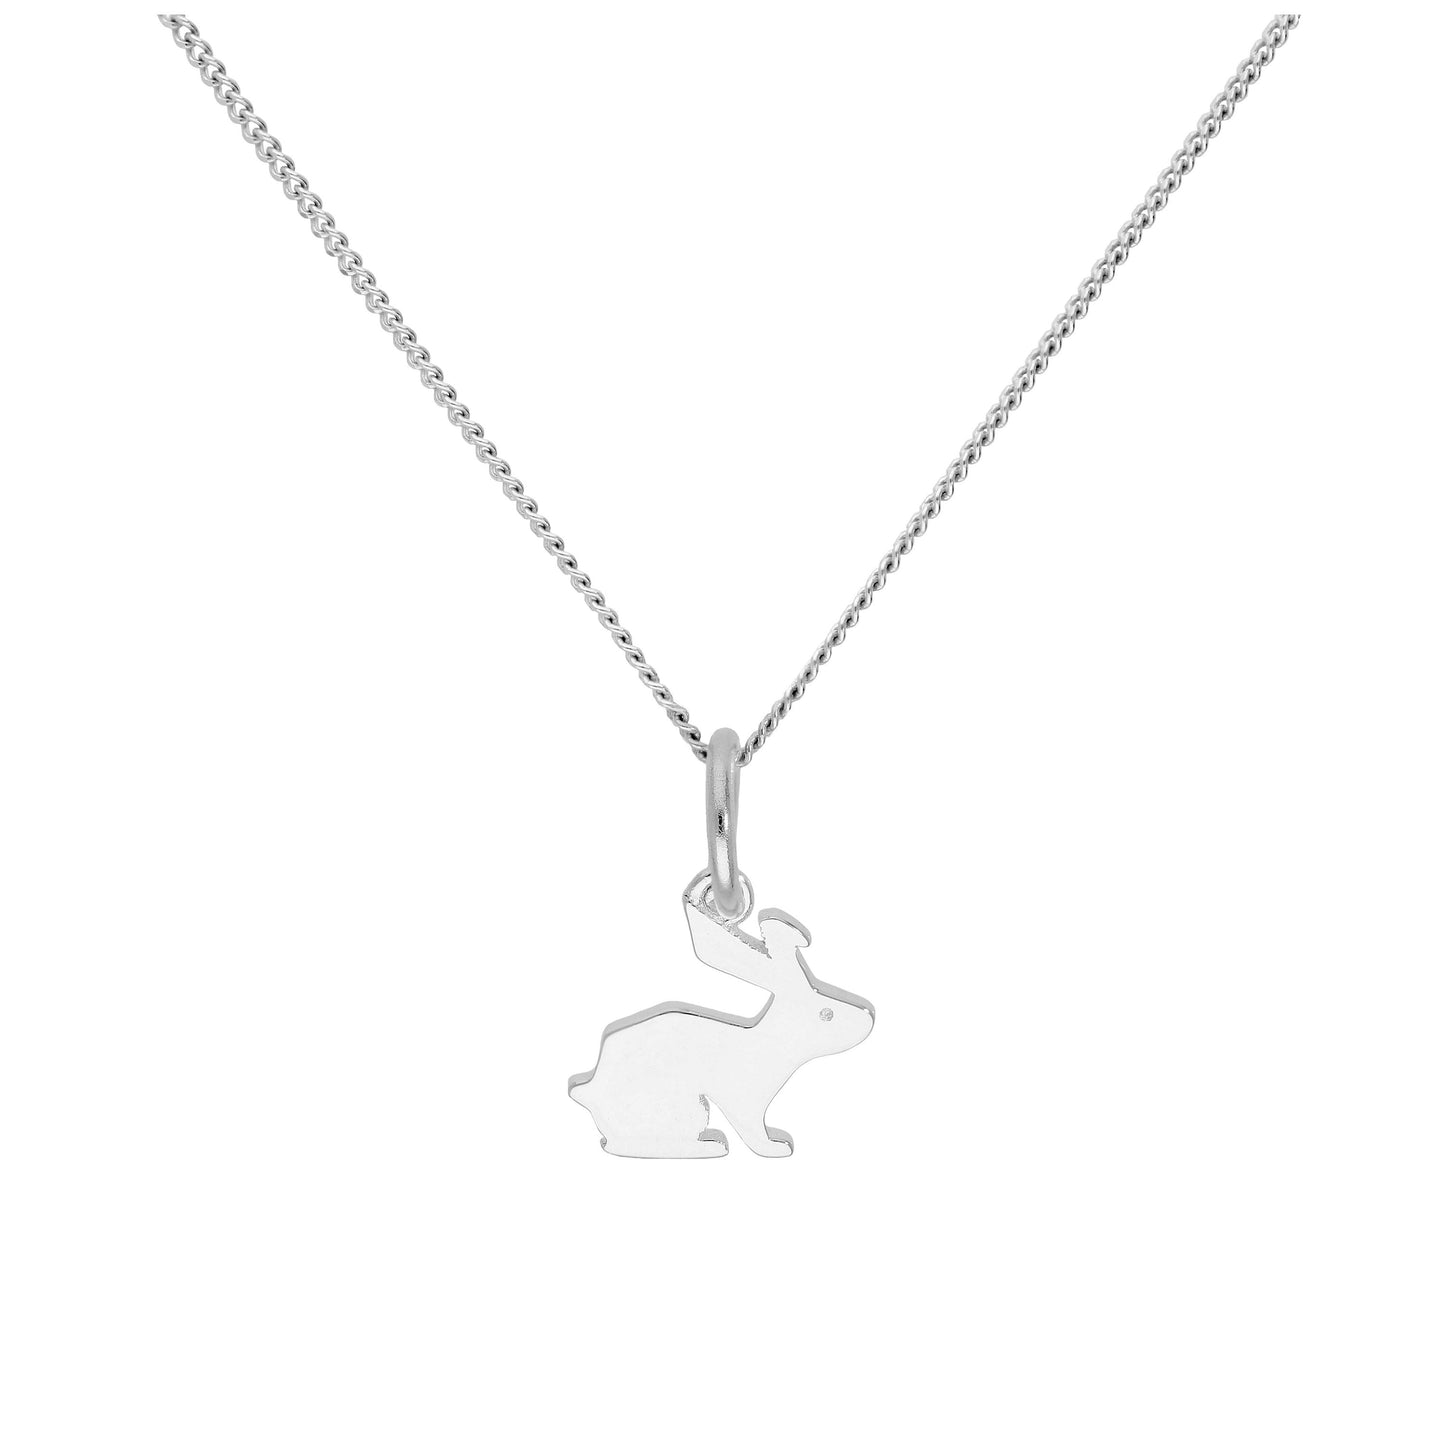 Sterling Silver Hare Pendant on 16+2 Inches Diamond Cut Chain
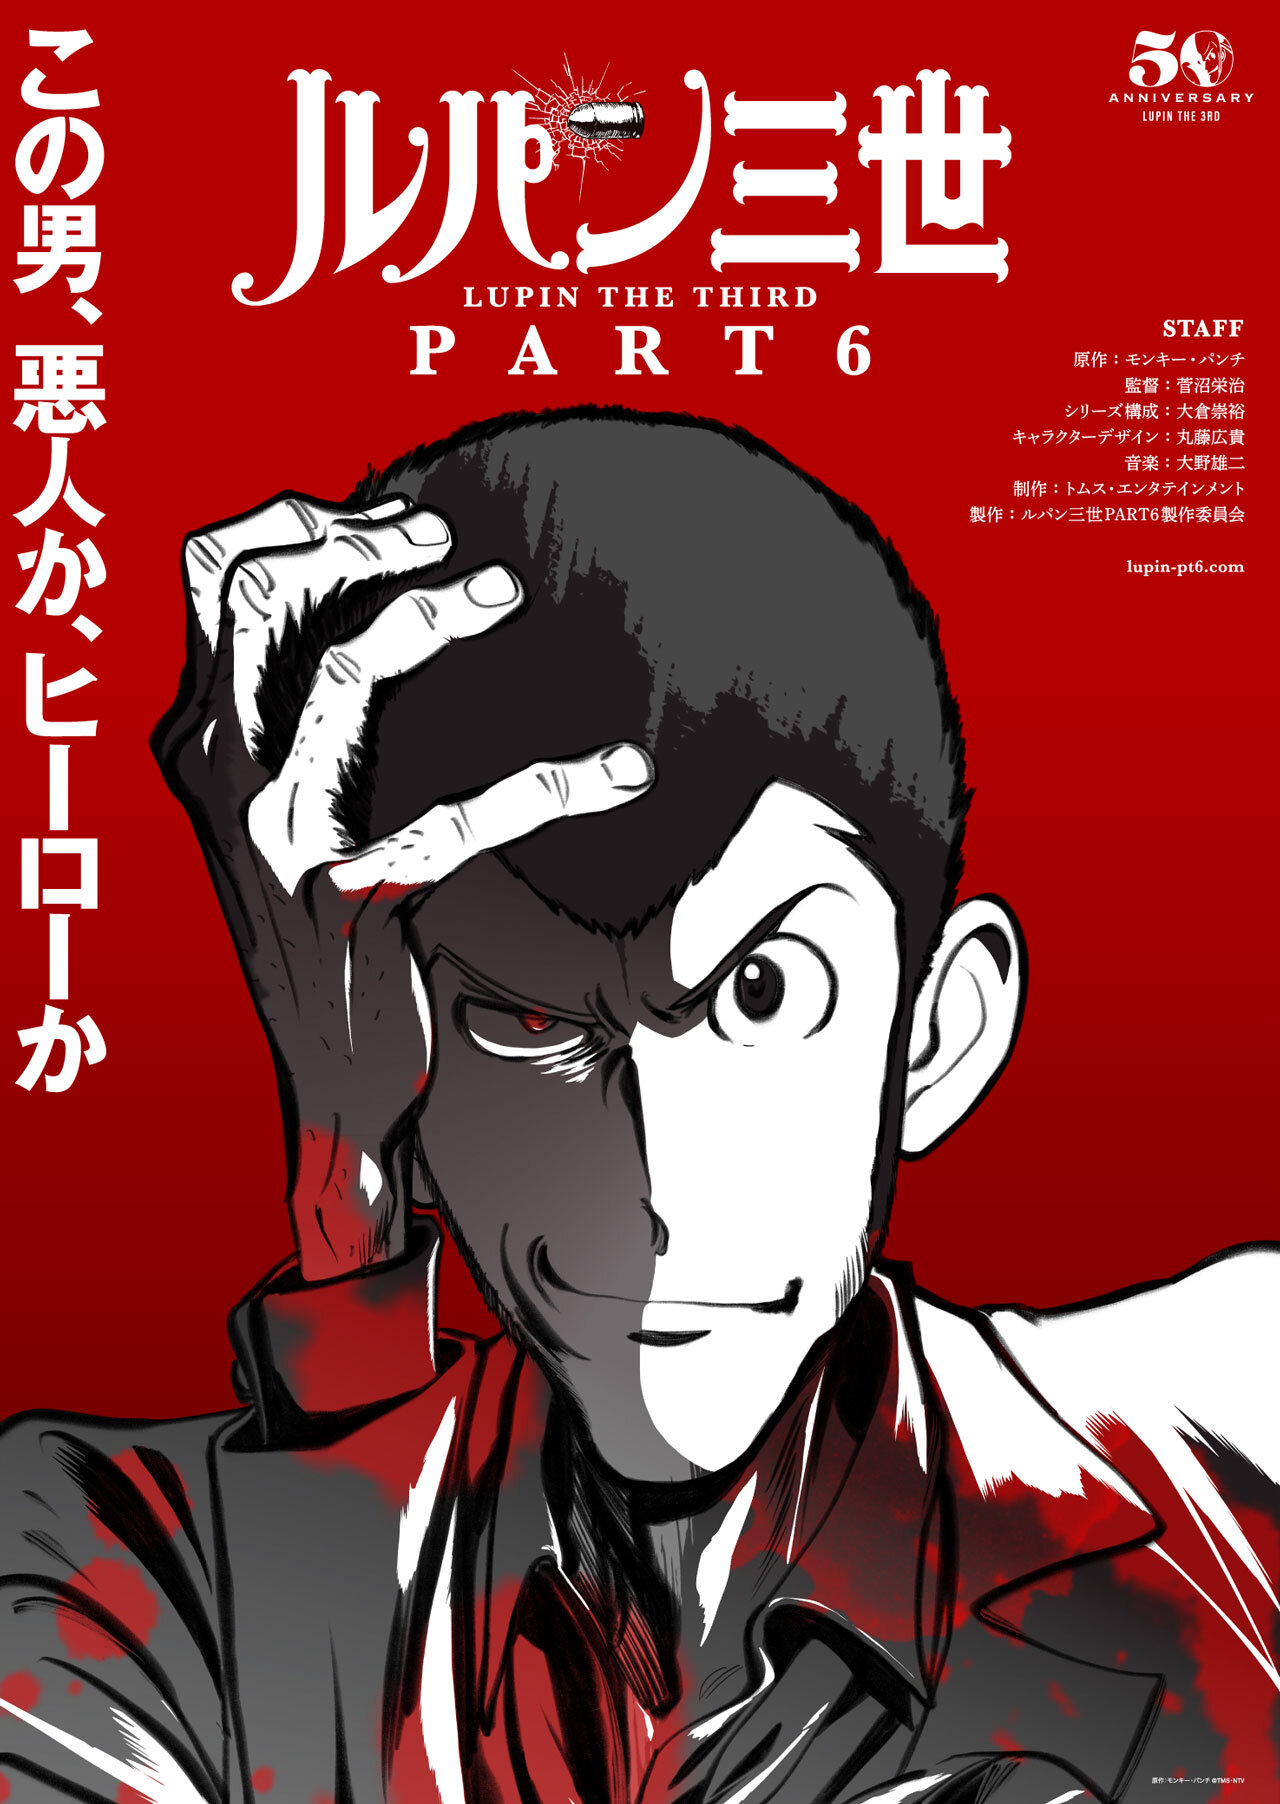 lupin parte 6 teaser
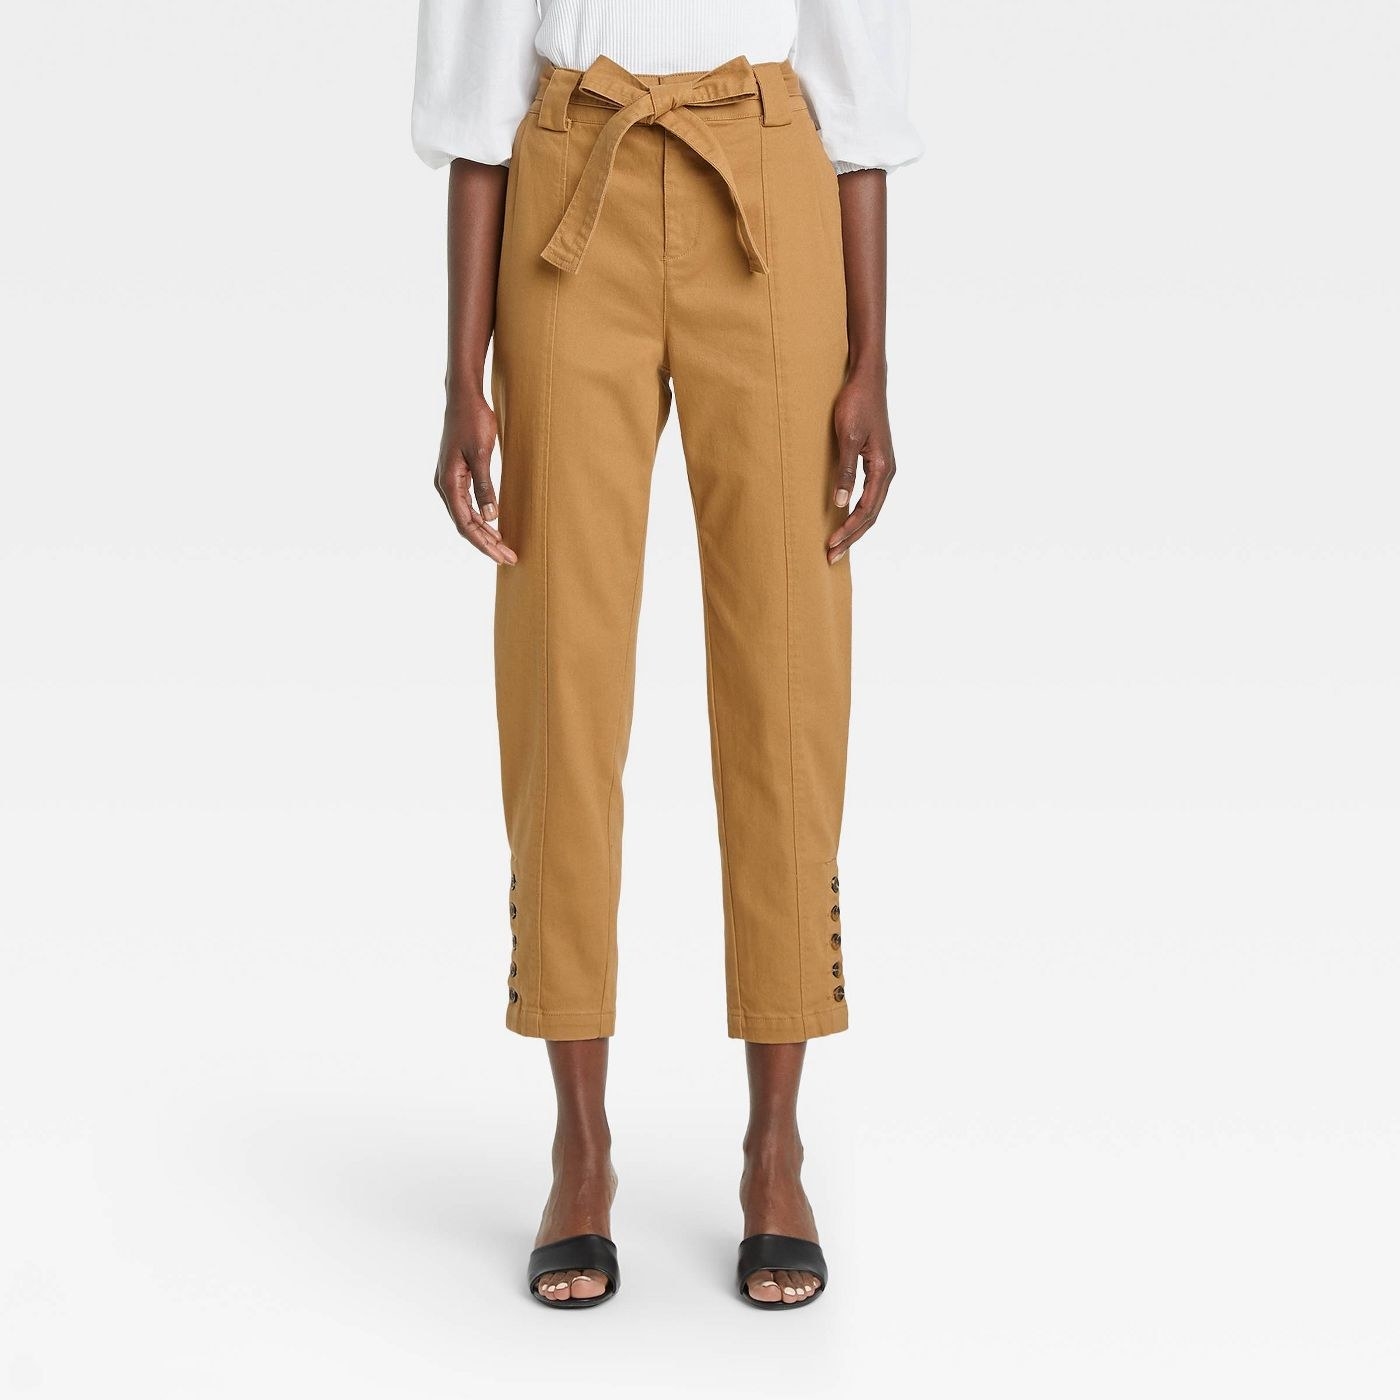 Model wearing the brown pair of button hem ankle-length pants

PROBLEM TO SOLVE
Would you please copy the material exactly, leaving all the pictures out?

RESULT
 Sterling Silver Hare Pendant on 16+2 Inches Diamond Cut Chain
 lupin parte 6 teaser
 Model wearing the brown pair of button hem ankle-length pants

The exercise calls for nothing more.